**COLLECTED MATERIAL**:
---

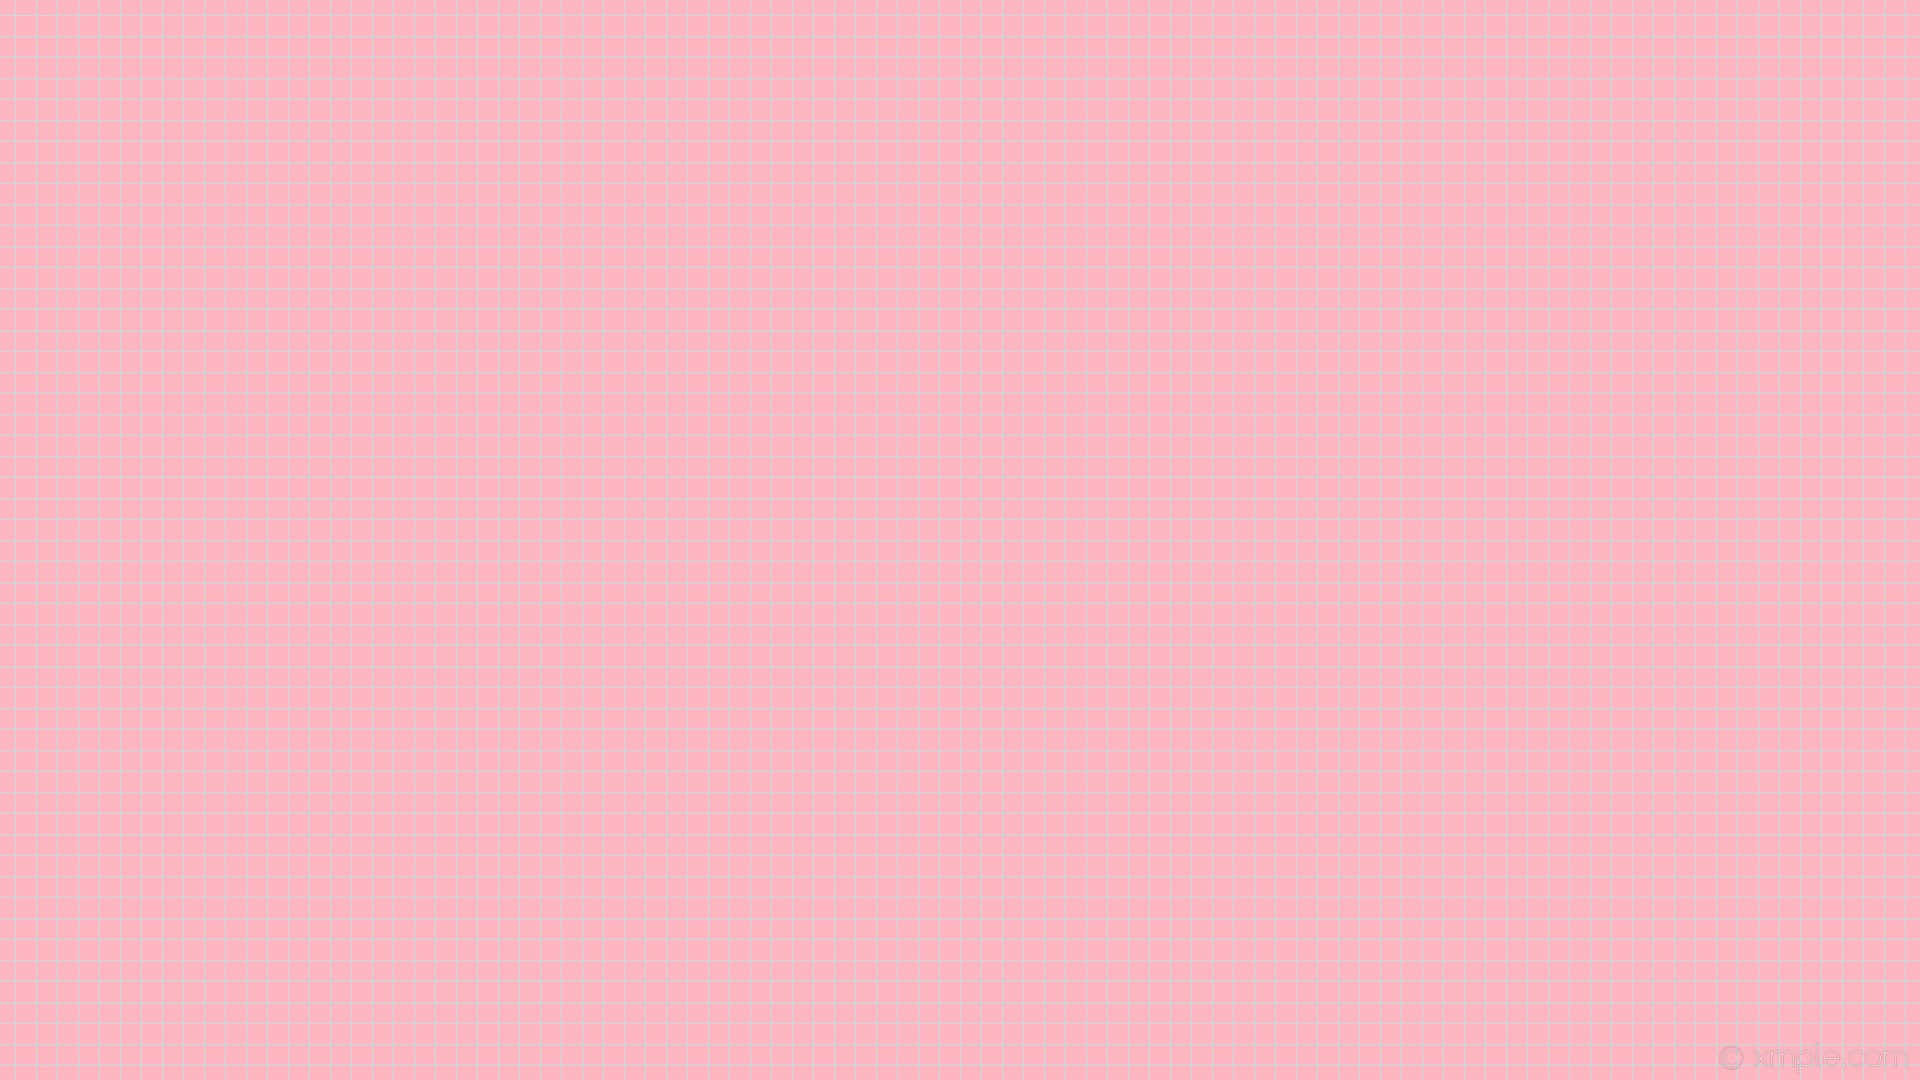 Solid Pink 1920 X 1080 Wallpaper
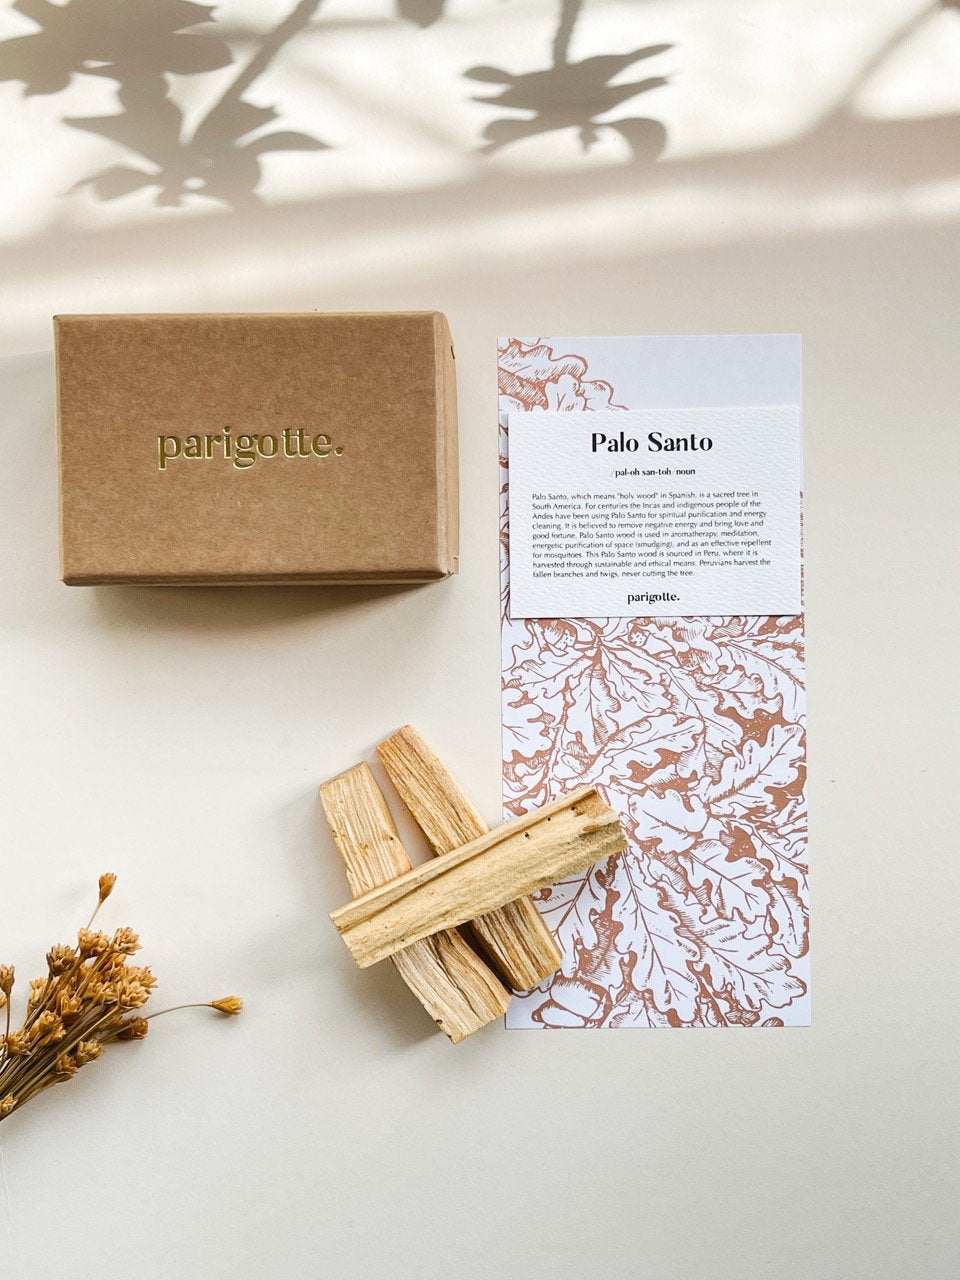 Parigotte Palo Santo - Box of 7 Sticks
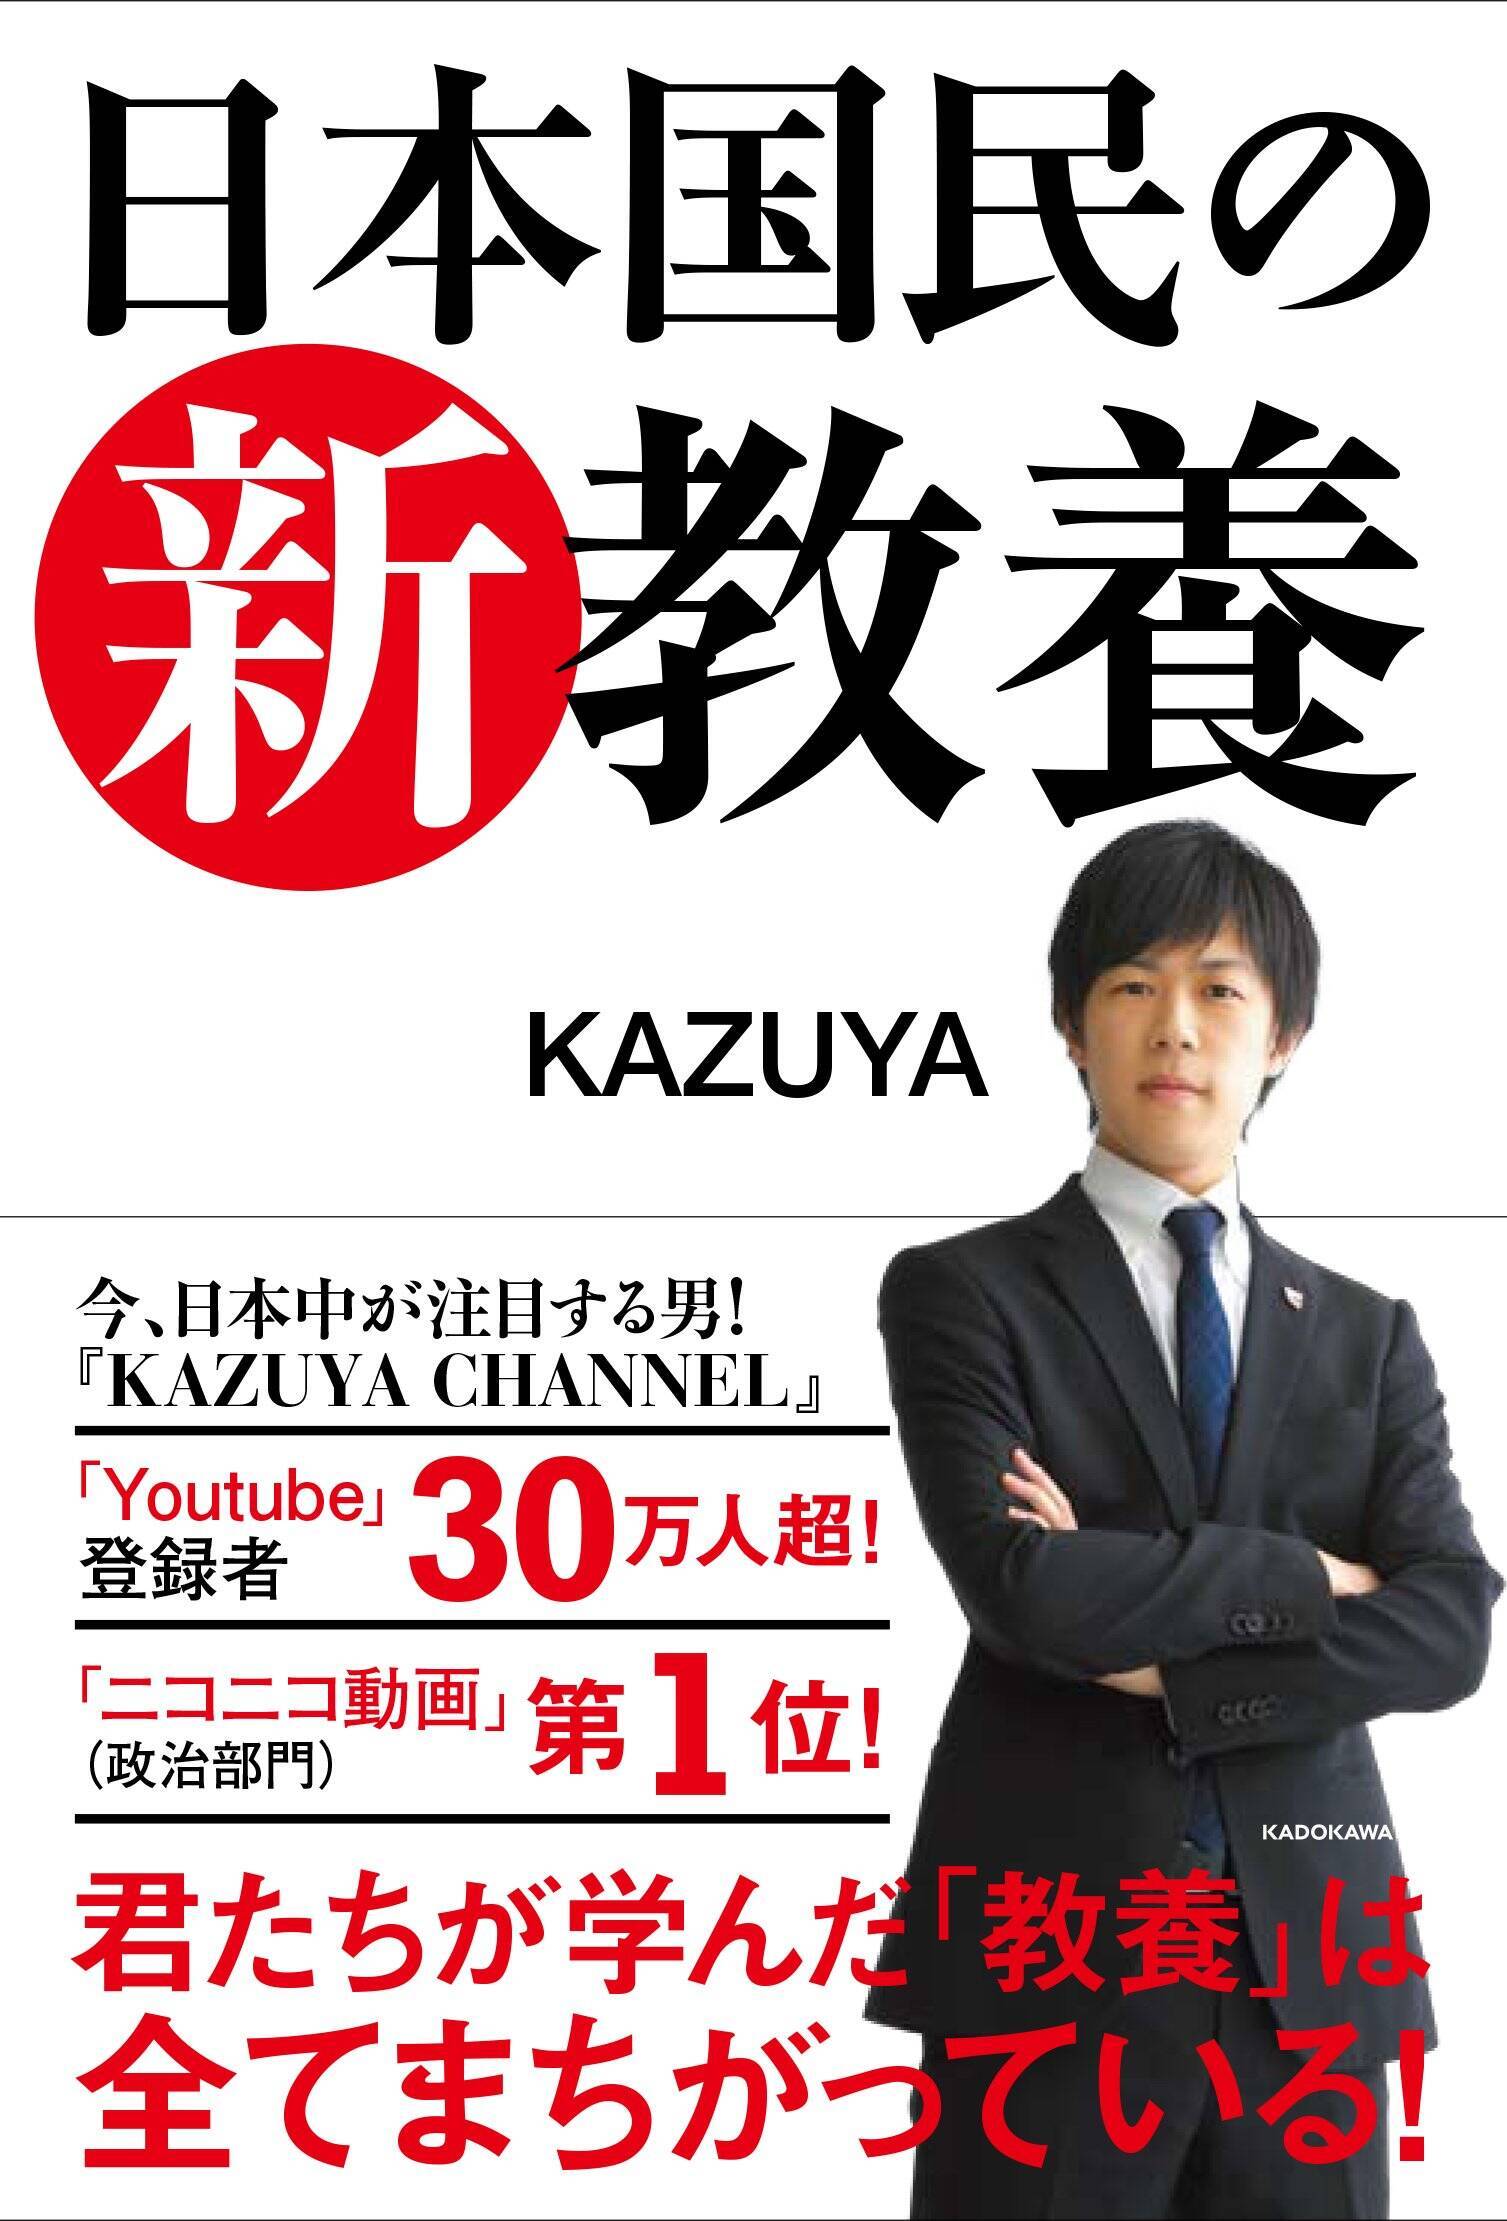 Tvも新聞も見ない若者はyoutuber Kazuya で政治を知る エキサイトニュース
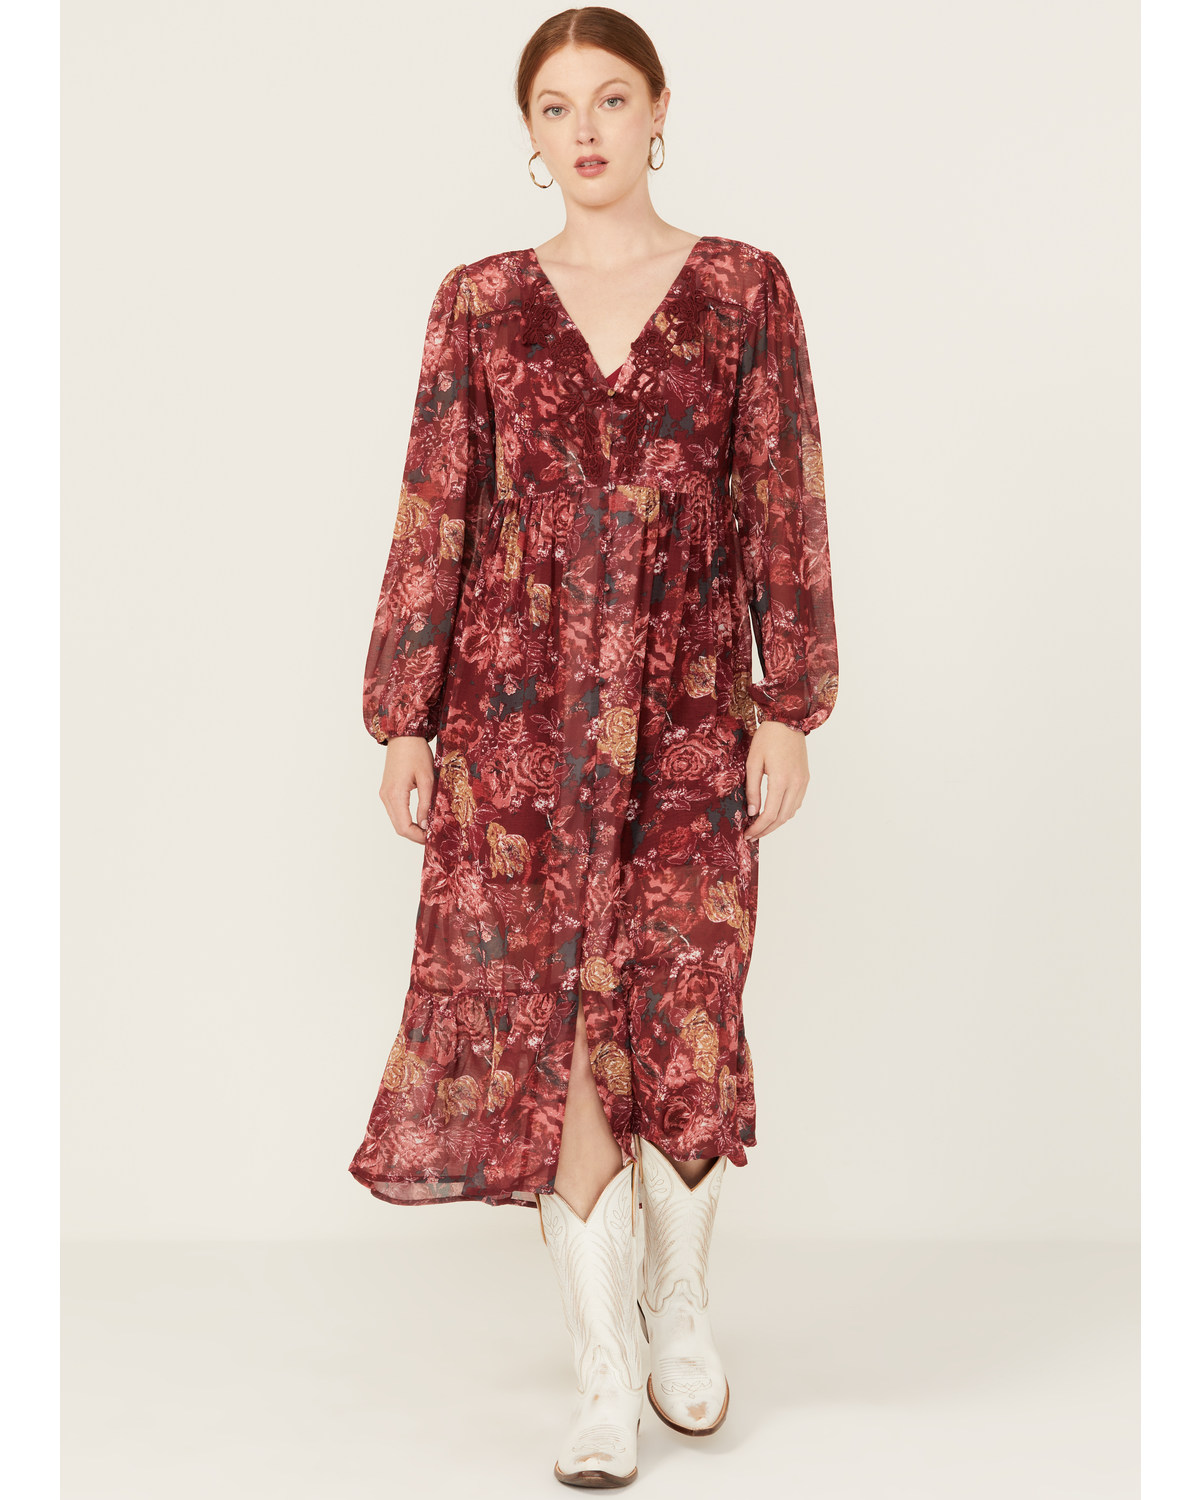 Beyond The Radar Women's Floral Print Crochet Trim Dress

---

**ASSIGNED TASK**: Repeat the data exactly, excluding the pictures.

**RESPONSE**:
 Solid Pink 1920 X 1080 Wallpaper
 Parigotte Palo Santo - Box of 7 Sticks
 Tvも新聞も見ない若者はyoutuber Kazuya で政治を知る エキサイトニュース
 Beyond The Radar Women's Floral Print Crochet Trim Dress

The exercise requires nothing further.